Editor’s Note — This article is sponsored by Prism Data. As with all sponsored content in Fintech Takes, this article was written, edited, and published by me, Alex Johnson. I hope you enjoy it!

“Lending money isn’t like playing tennis against a wall. There’s always someone on the other side of the net. Often there are multiple someones.”
I can’t remember who told me this, early in my career, but it stuck. And it has been on my mind since the French Open kicked off earlier this month.
Practitioners in lending — loan officers, credit analysts, data scientists — will often become obsessed with their craft. This isn’t a bad thing (you want them to obsess over their craft), but it can lead to problems if those practitioners (and the companies that employ them) lose sight of the context in which they deploy their skills.

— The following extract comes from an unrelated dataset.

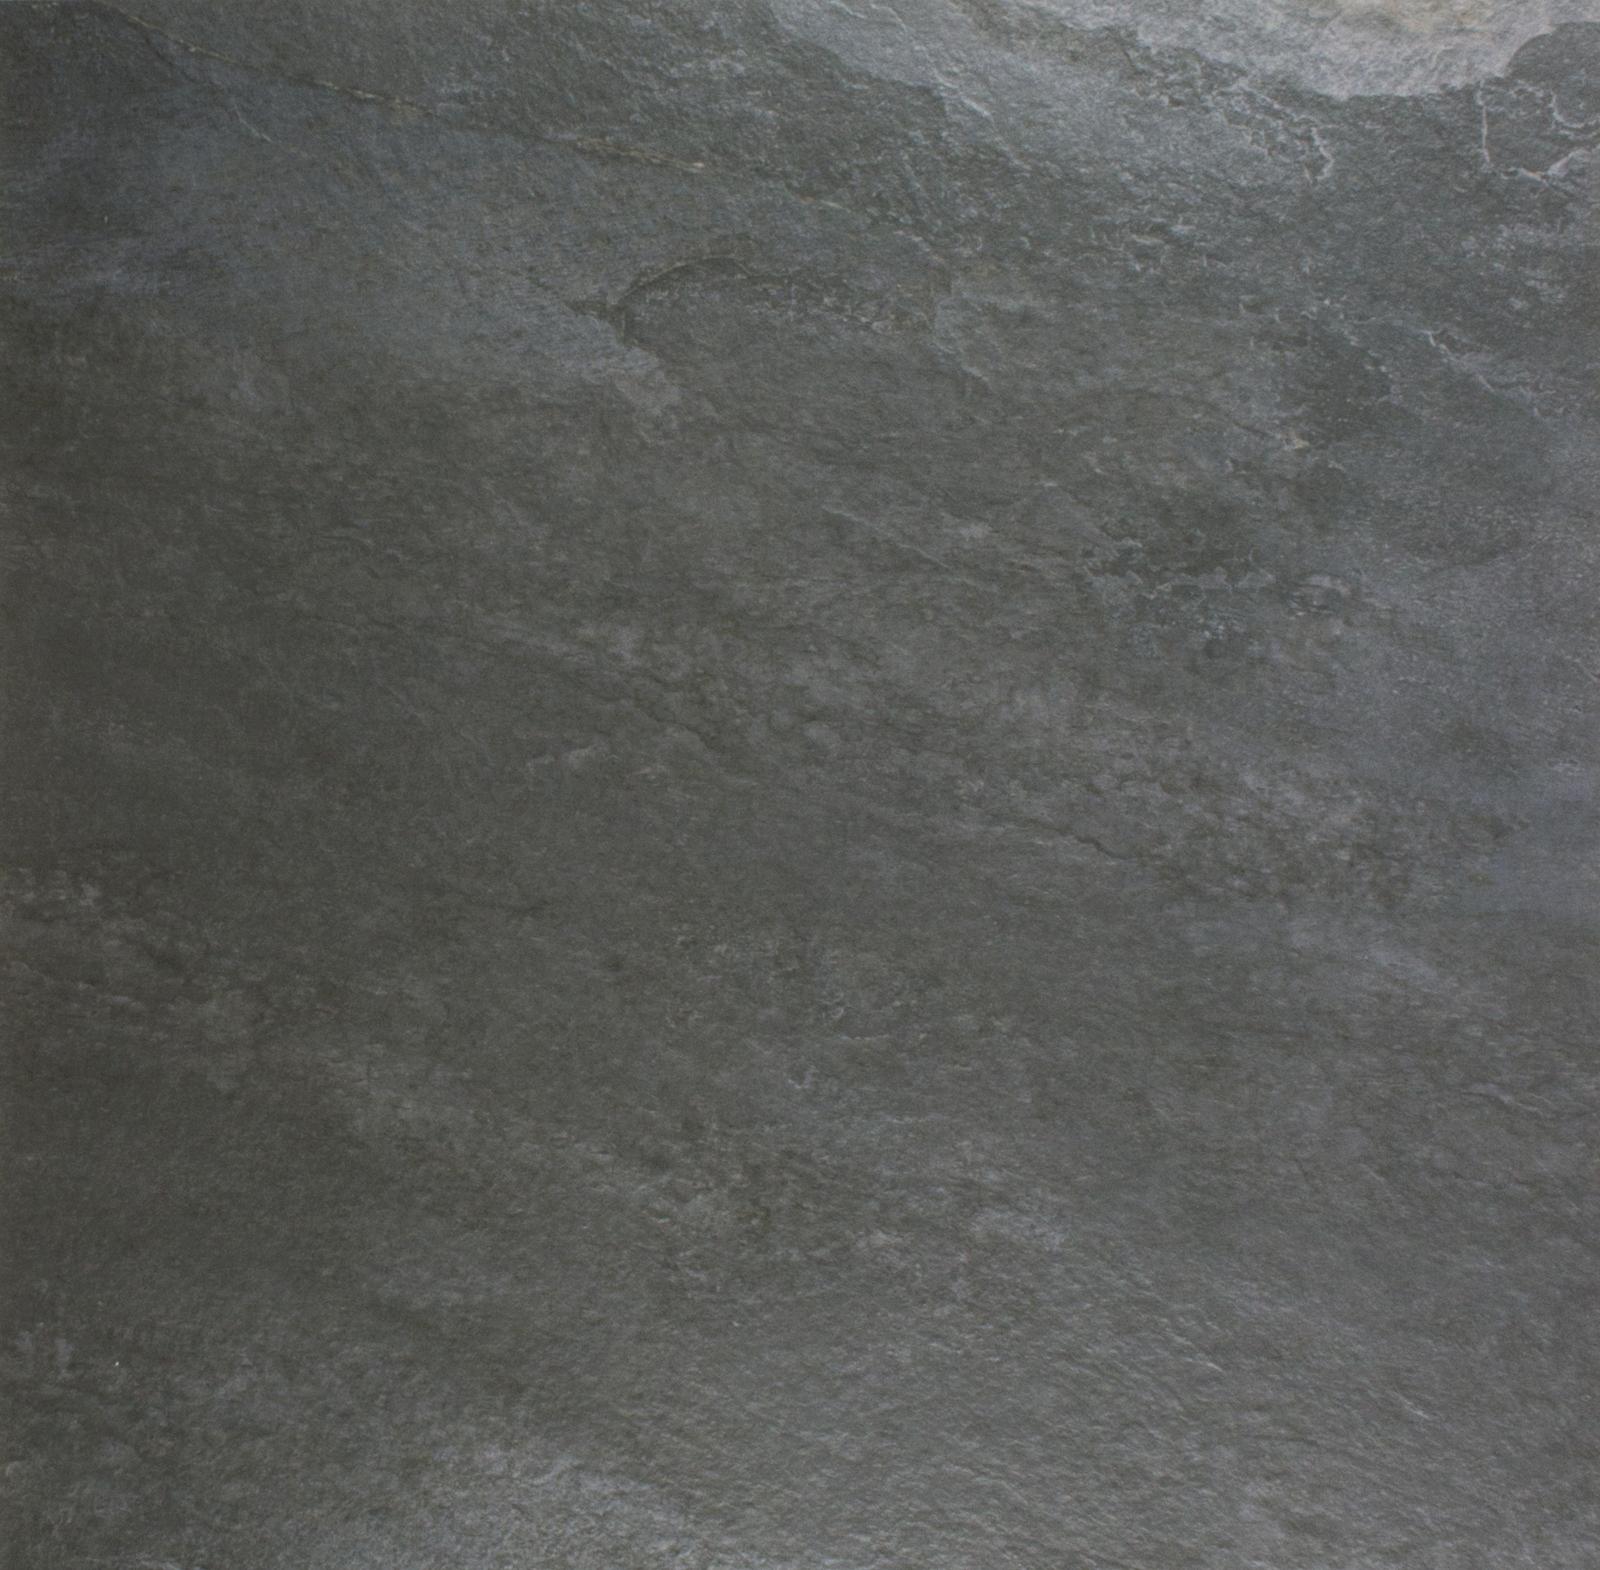 Bathroom Slate Floor Tiles Gallery Tile Flooring Design Ideas
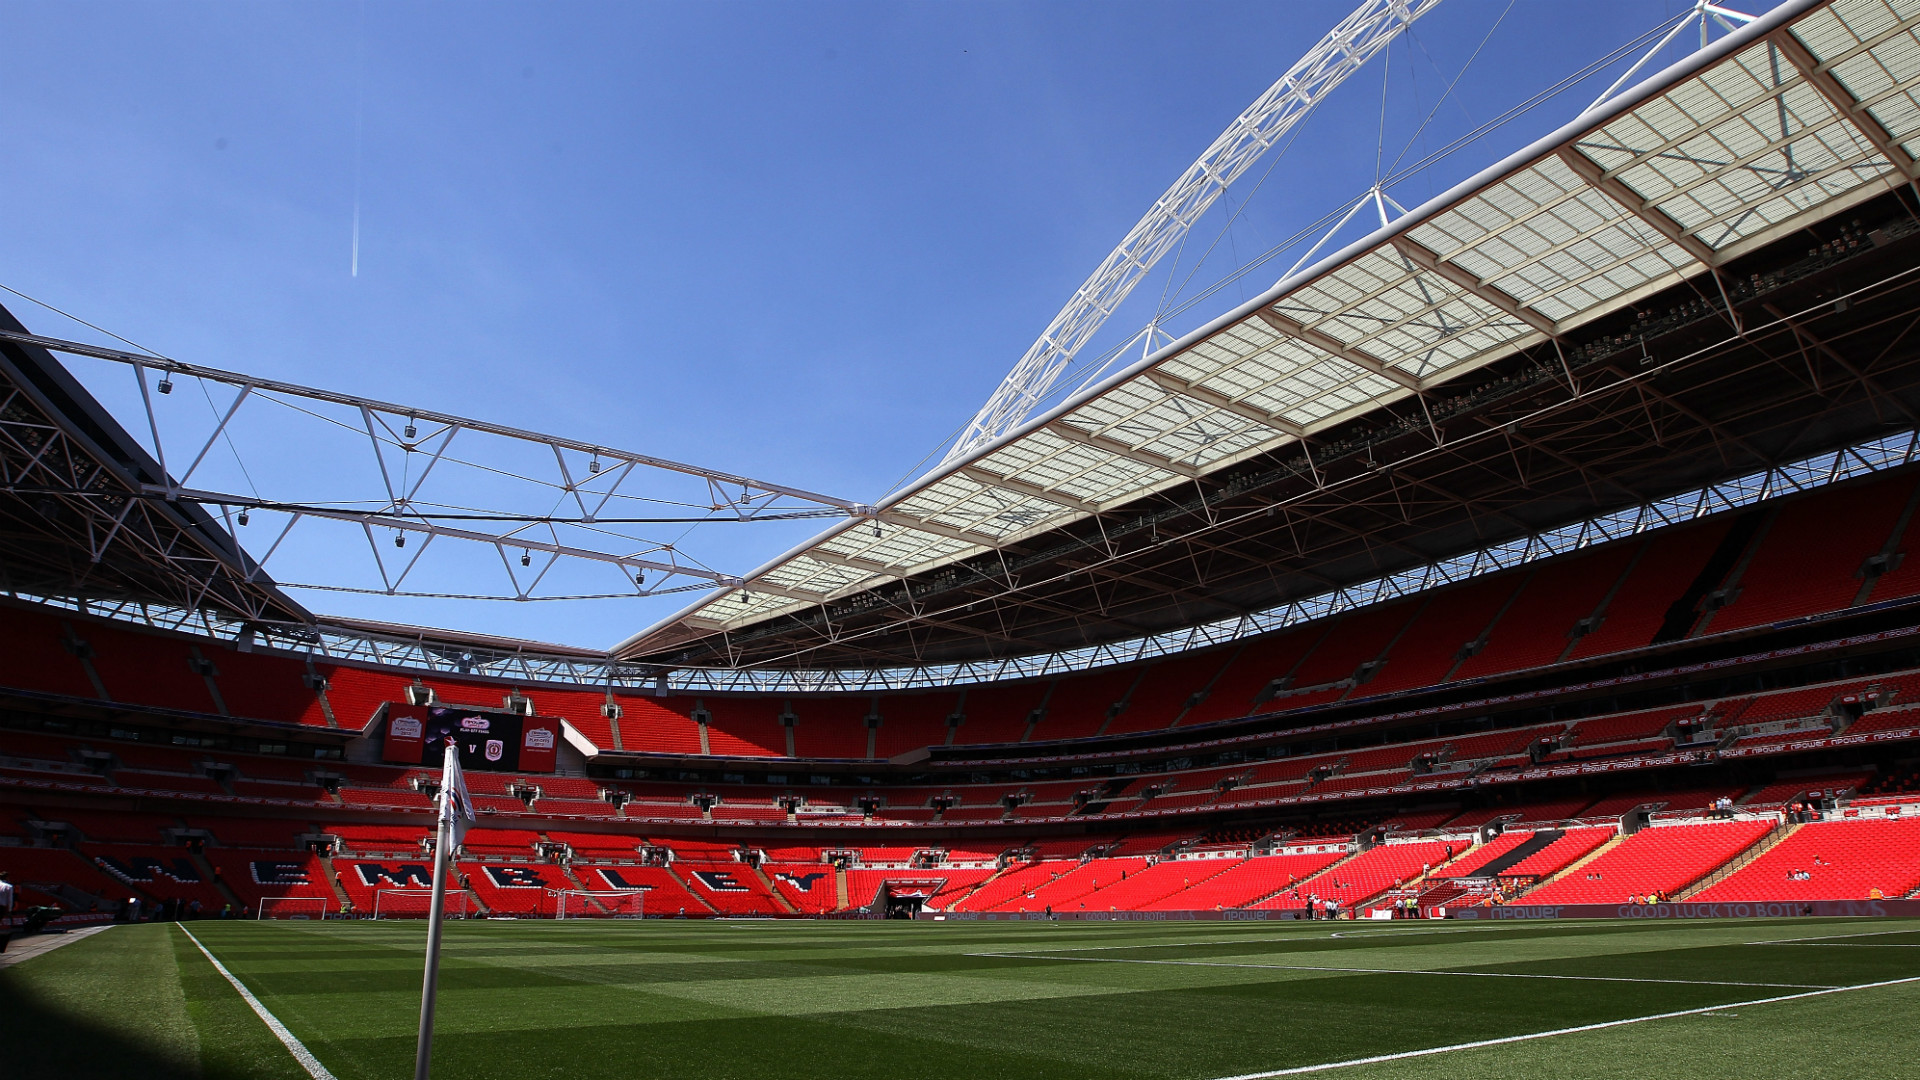 National Hockey League  owner submits £800m bid to buy Wembley Stadium

It’s fun and rewarding to perfect your forehand by volleying with a wall, but that, by itself, won’t be much use in a match, where another player is standing on the side of the net, with plans to be much less cooperative than the wall.
Similarly, it’s fun and rewarding to design the perfect credit risk attribute or scoring model. However, that work can quickly be rendered useless if you lose sight of the fundamental reality that when you are lending money, there are always opponents on the other side of the net, studying your game and figuring out ways to beat you.
The trick to winning is ensuring that you have a well-rounded and adaptable style of play.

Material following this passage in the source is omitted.